Шрифт:
Интервал:
Закладка:
Развивая обвинение в злостном сокрытии буржуазной контрреволюционности Наполеона, рецензент «Известий», взявший подчеркнуто символический псевдоним «Кутузов», инкриминировал Тарле «концепцию цезаризма» в виде «легенды о справедливом деспоте». Была у «Кутузова» и своя функция, отражавшая разделение труда между двумя рецензентами: если рецензент органа ЦК разоблачал Тарле исключительно с классовых позиций, то рецензент правительственного органа громко воззвал к патриотизму: «с чувством обиды и возмущения читаешь в книге Тарле главу о 1812 годе»[731].

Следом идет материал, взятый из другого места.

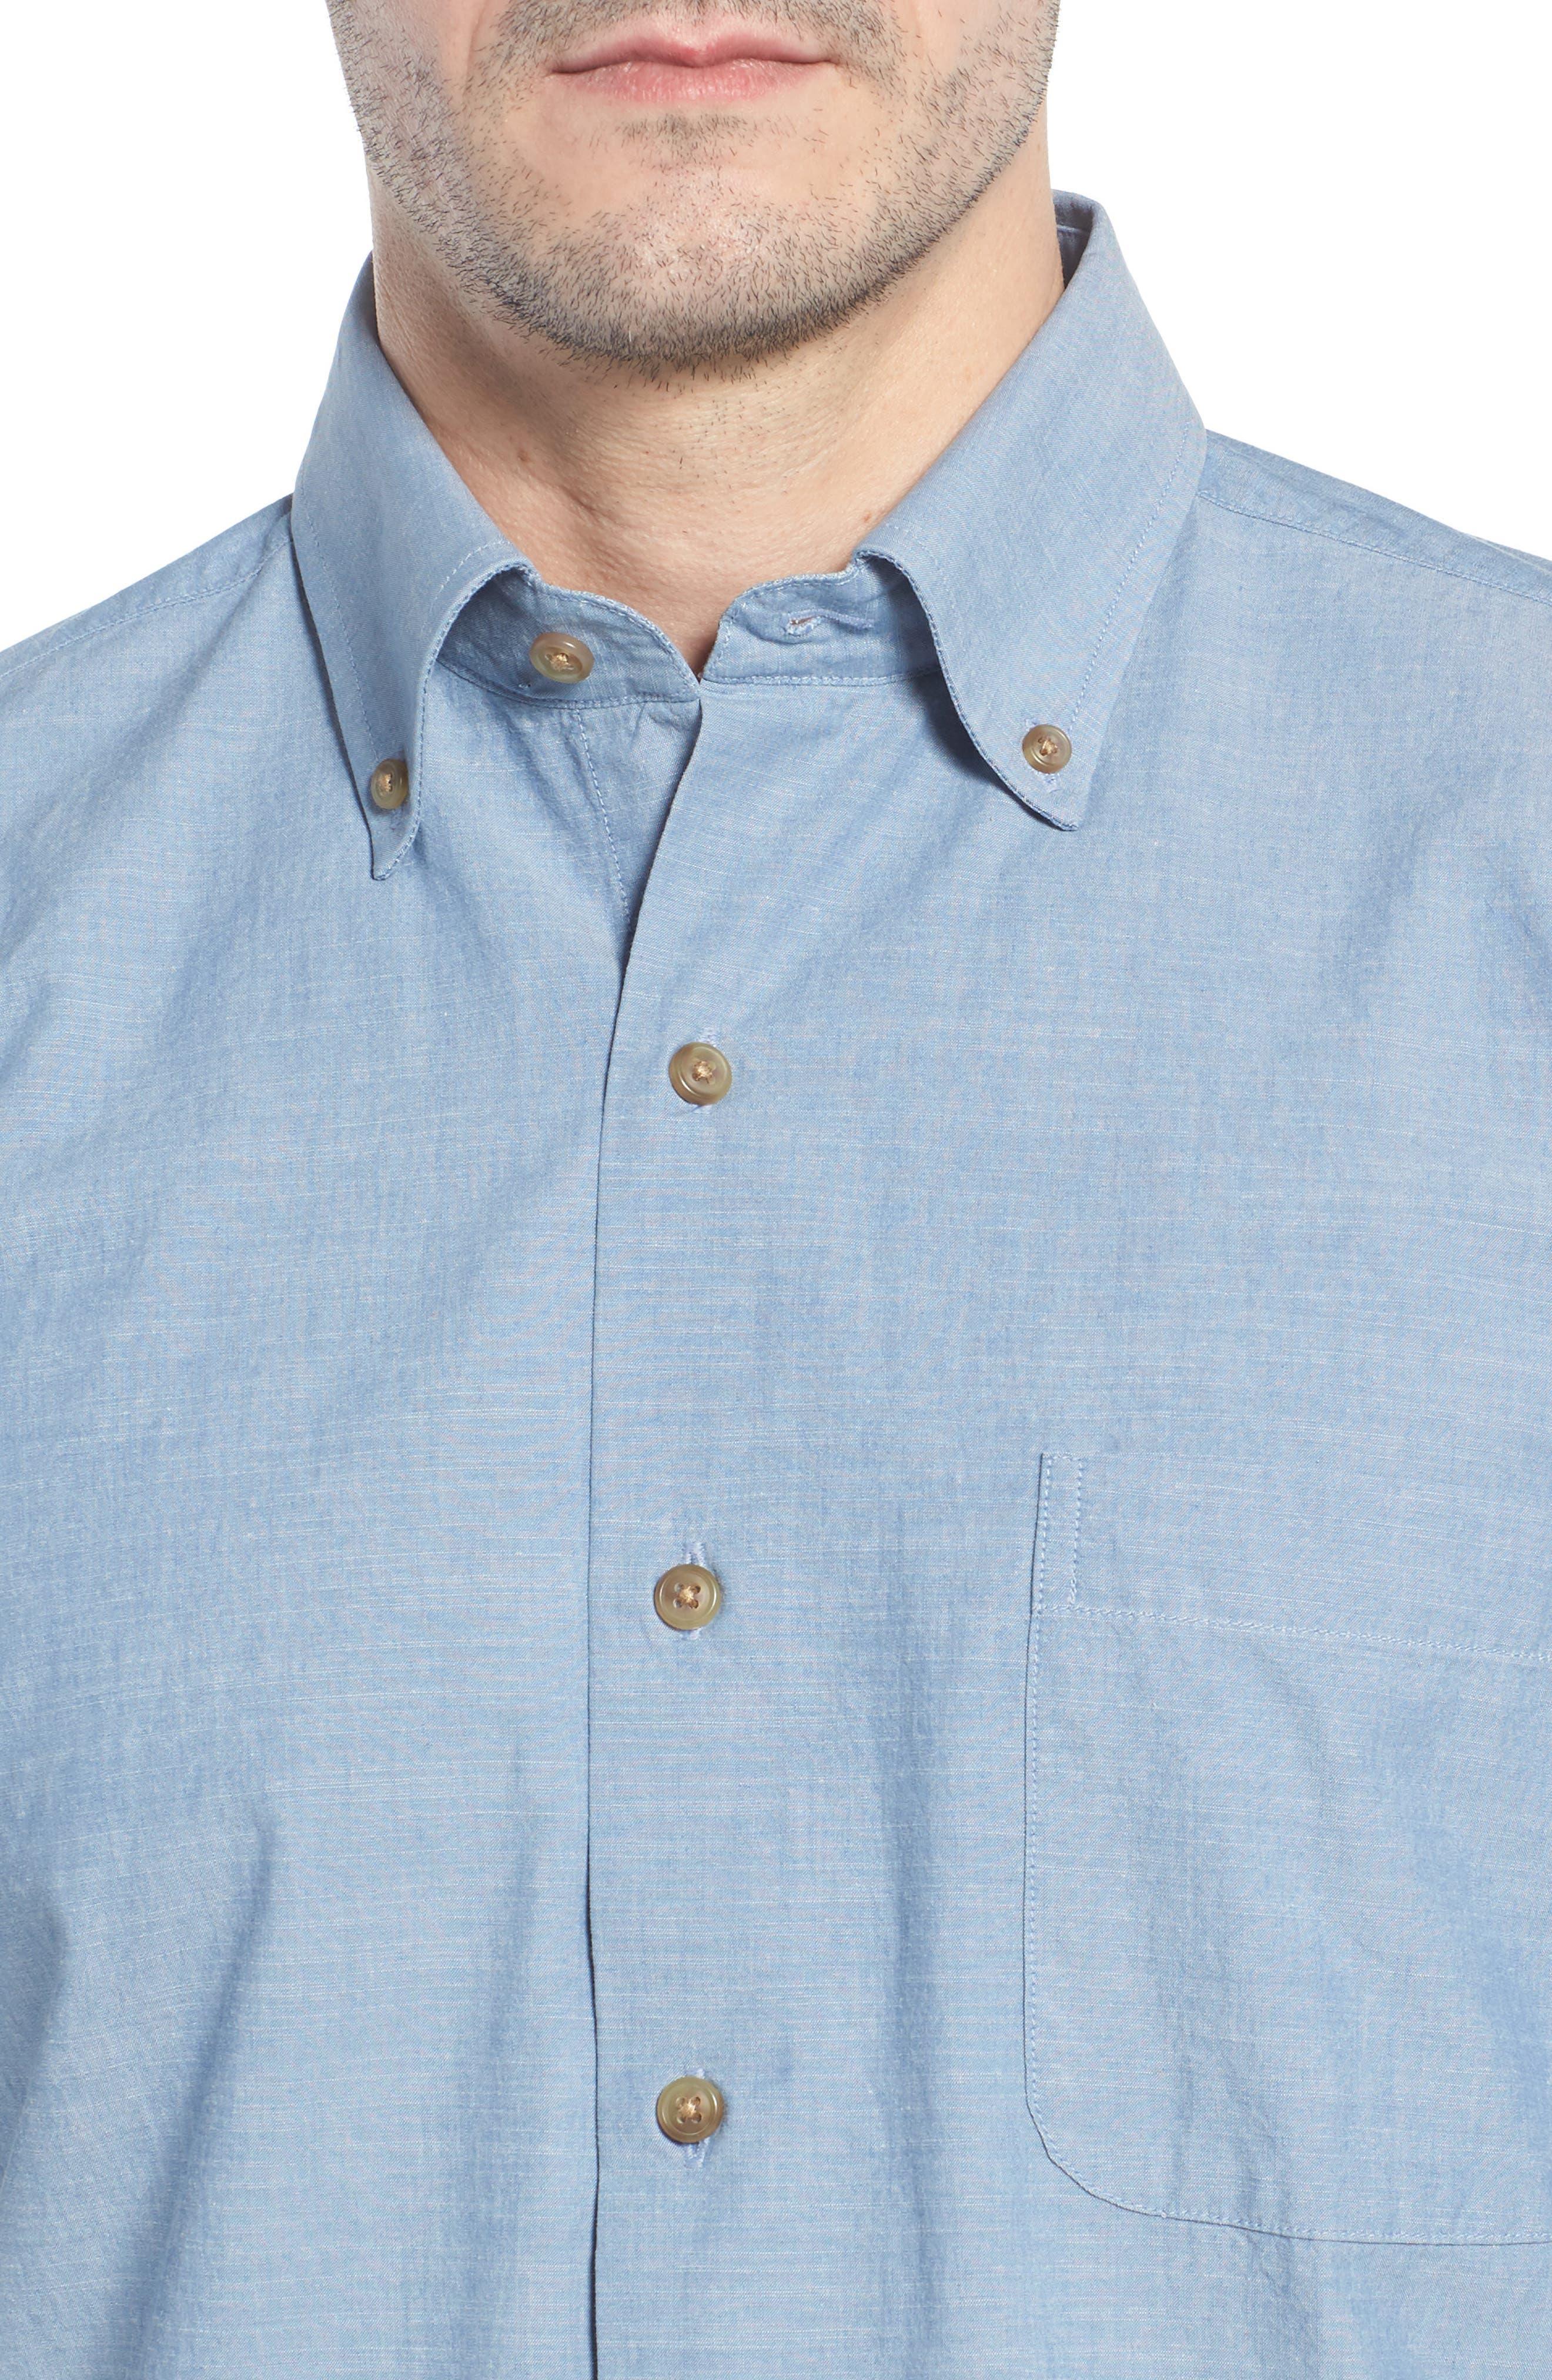 Heritage Chambray Sport Shirt,                             Alternate thumbnail 4, color,                             TAR HEEL BLUE

Напомнив о юбилее Отечественной войны (125 лет), «Кутузов» перечислял события, когда «русский народ сражался… с интервентами», подчеркнув, что во всех этих случаях (1380, 1612, 1709, 1812 гг.) возникала «угроза потери русским народом своей независимости». «Вот почему, – завершал рецензент свое патриотическое вступление, – память народа так хранит эти переломные даты, вот почему, несмотря на все социальные противоречия, имена Дмитрия Донского, Минина и Пожарского, Ивана Сусанина, Петра Великого и генерала (sic!) Кутузова стали популярными (курсив мой. – А.Г.)»[732].
Так в советскую историографию, попирая классовый подход, полновластно входил новый исторический субъект – Русский народ, ценностной категорией становилась его «память», а ведущей темой его борьба за «свою независимость». И в этом аспекте вполне отчетливо прорисовывалась надклассовая роль вождей, будь то крестьяне-мещане или князья и царские генералы. Все это сделалось имперско-державным трендом в эволюции идеологического режима в годы второй Отечественной войны.
«Когда фельдмаршал Румянцев занимает Берлин, Суворов – Измаил, Ермолов – Дагестан, когда Русь превращается Петром в необъятную империю, а Александр I вступает победителем в Париж» – вот когда, заявлял наиболее откровенный выразитель этого тренда, «ярче и наиболее поразительно сверкает творческий гений народа-победителя». «Люди, носящие блестящие эполеты, украшенные дорогими парчами, орденами, а иной раз и короной», – вот, кто теперь выступает «перед нами из тумана прежних столетий как воплощение народного духа»[733]. Таким образом, выразителями «народного духа, народной воли, народной мощи» оказывались представители правящего класса, а сама народная роль выявлялась в одной ипостаси – укрепления государства и особенно подчеркнуто – в его расширении.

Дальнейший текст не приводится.